Wednesday, January 25, 2012

Tact

     Amber stumbled through the front door of her new suburban house with a cardboard box so big she couldn’t see around it. She kicked the door closed behind her and dropped the box in the middle of the living room. It blended well among dozens of similar boxes.
     “There!” she said, wiping her hands on her worn out jeans. “That’s the last one. Now we can start unpacking.”
     “Let’s take another look around, honey,” said Darren, who was already wandering through the empty space. “We have all weekend to unpack. Why don’t we explore our new home first?”
     Amber smiled and gave him a kiss on the cheek as she took his hand. They walked together through the dining room, the kitchen and the laundry room before heading up the stairs.
     “I can’t believe the size of this house,” said Amber, entering the master bedroom. “It must be twice as big as our old place on the south side.”
     Darren nodded. “Two thousand square feet more.

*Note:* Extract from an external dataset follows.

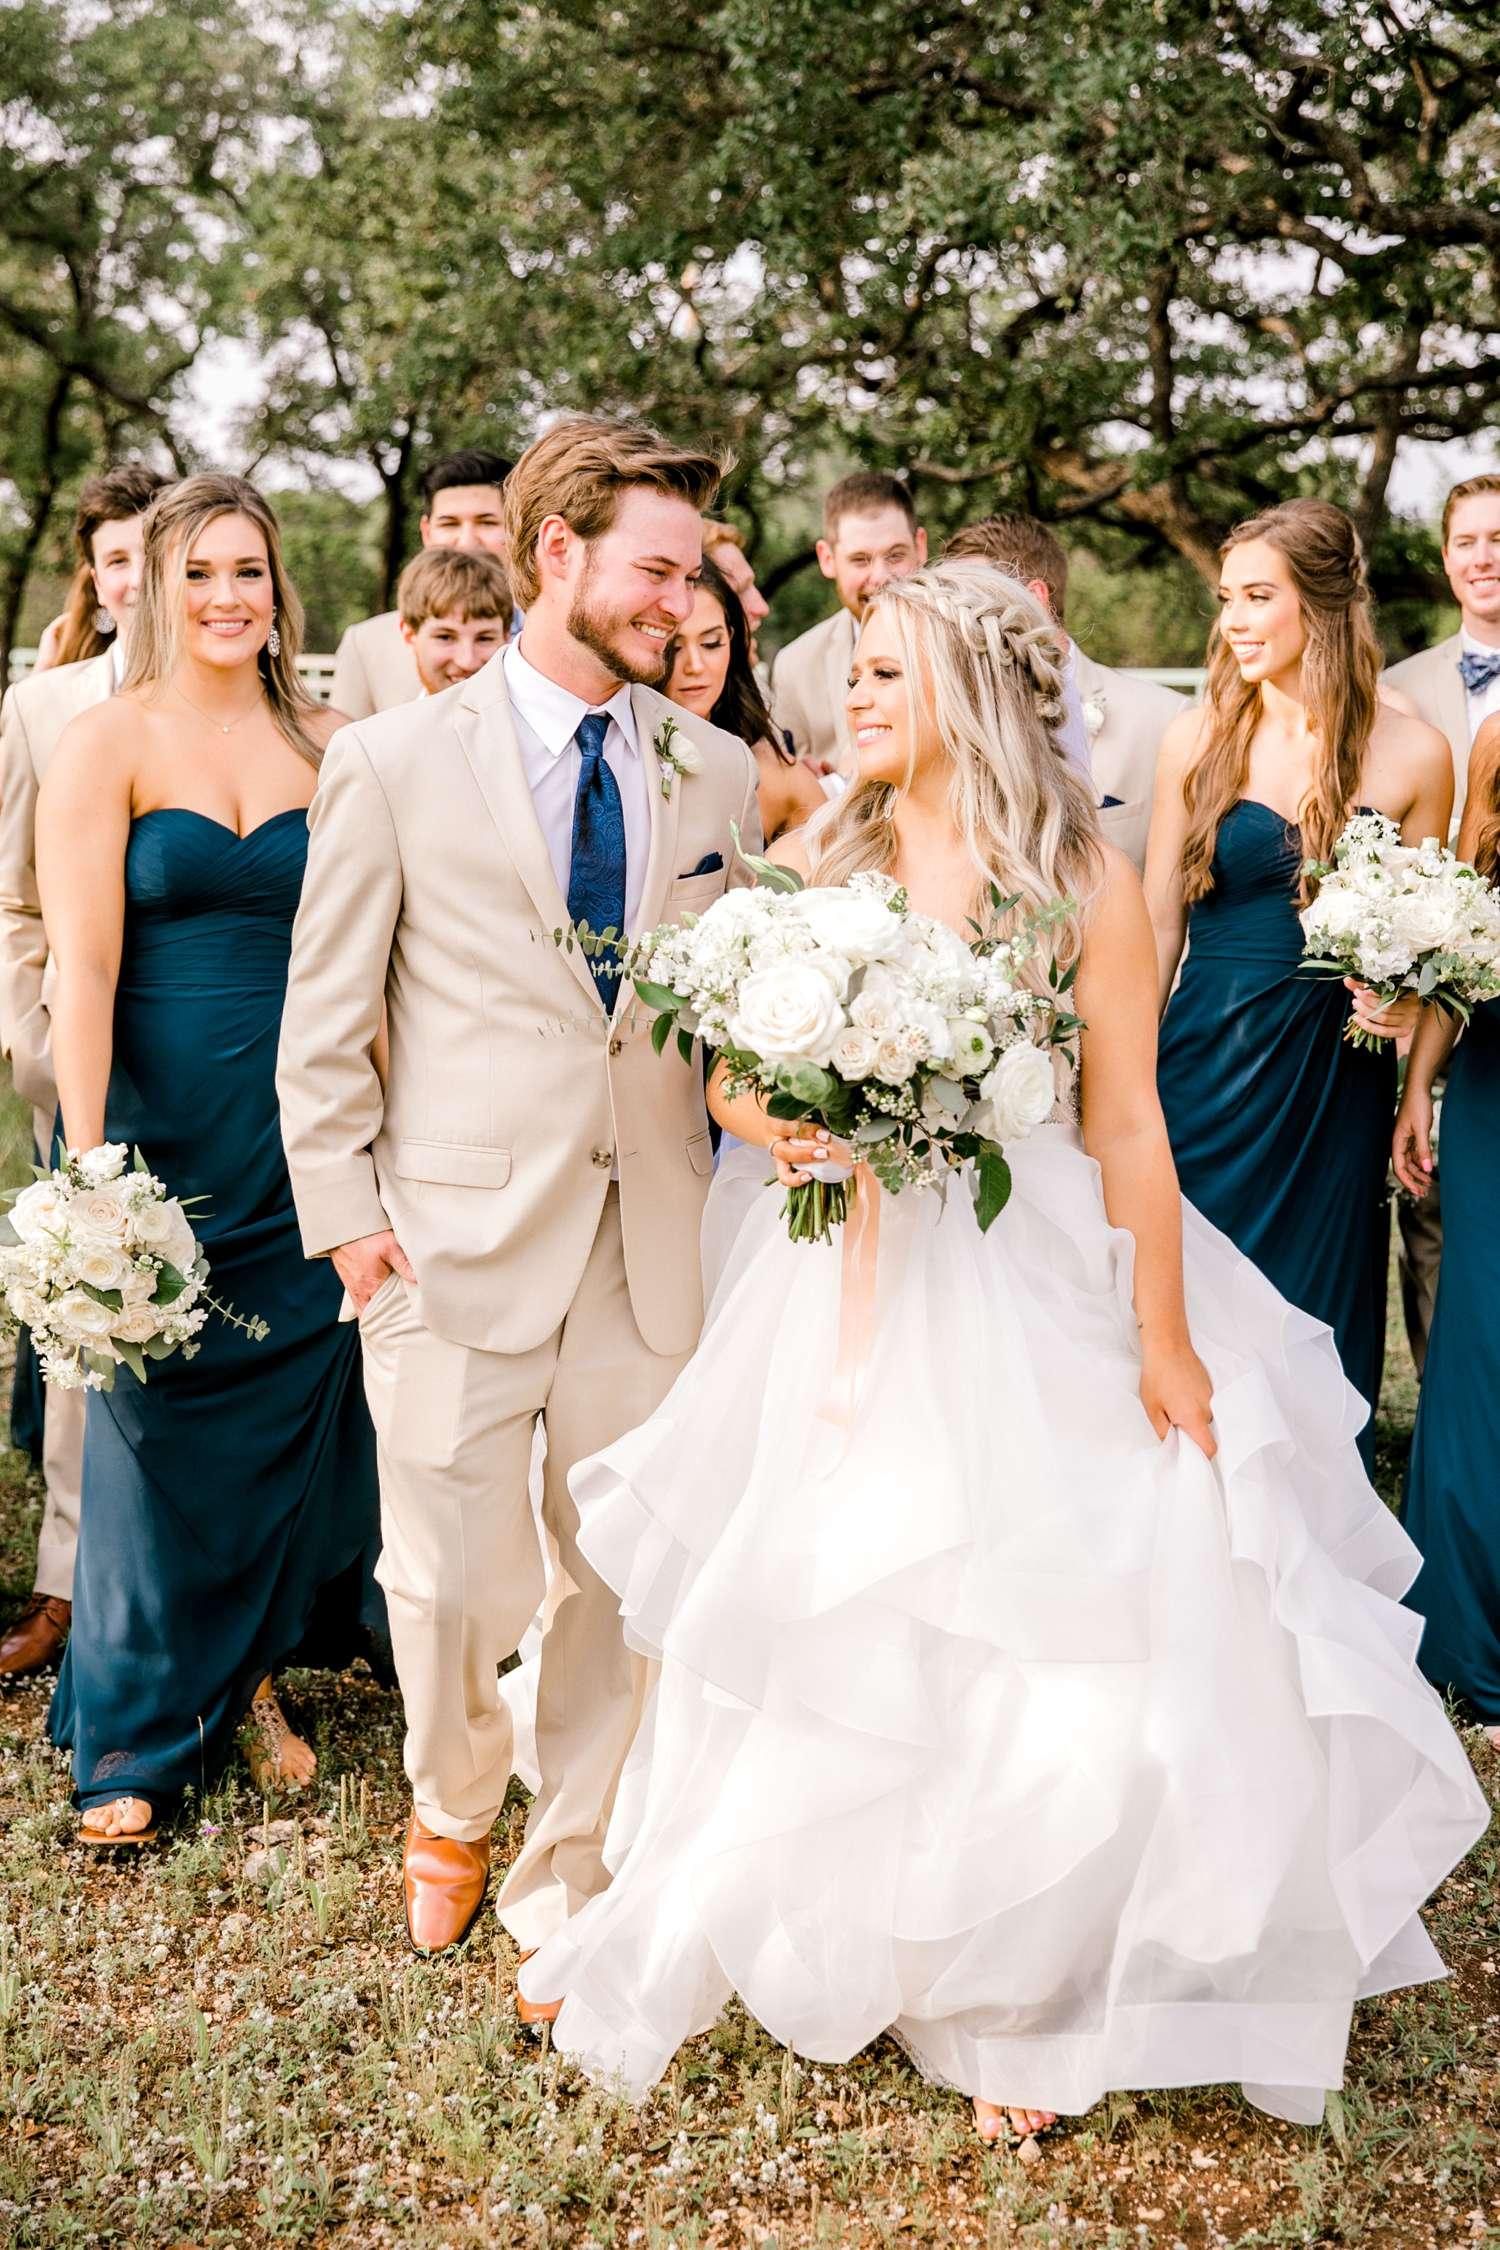 HAYLEE+JUSTIN+GREGORY+HERITAGE_HAUS_AUSTIN_TEXAS_WEDDING_0098.jpg

Perfect for starting a family.” The comment earned him another kiss.
     Amber walked into the hallway to check the other bedrooms. “I can’t wait to go shopping. We don’t have nearly enough furniture to fill this space.”
     “I’m glad you brought that up, dear.” Darren pushed ahead of her to enter the next doorway first. “Because I think we should discuss what we want to do with this bedroom.”
     “I thought we already agreed it would be an office space.” She walked around him to look in the closet.
     “Well yes, that was suggested,” Darren said. “But we should consider all our options before we decide for sure.”
     Amber gave him a sideways glance. “What do you mean? I need a home office to work.”
      “Of course you do, dear. I’m just saying, maybe there’s something more important we can do here. For example, we could turn it into a yoga room or a game room. Or maybe it could be used to showcase—I don’t know—a collection… of sorts.”
     Audrey shook her head. “We don’t do yoga and we don’t play many games. And we don’t collect anything.”
     “Well,” Darren said. “Suppose one of us started collecting something.”
     “Like what? Stamps or coins? You don’t need a whole room for that.”
     “No,” he agreed, “but maybe for something bigger, like—well, just off the top of my head—swords.”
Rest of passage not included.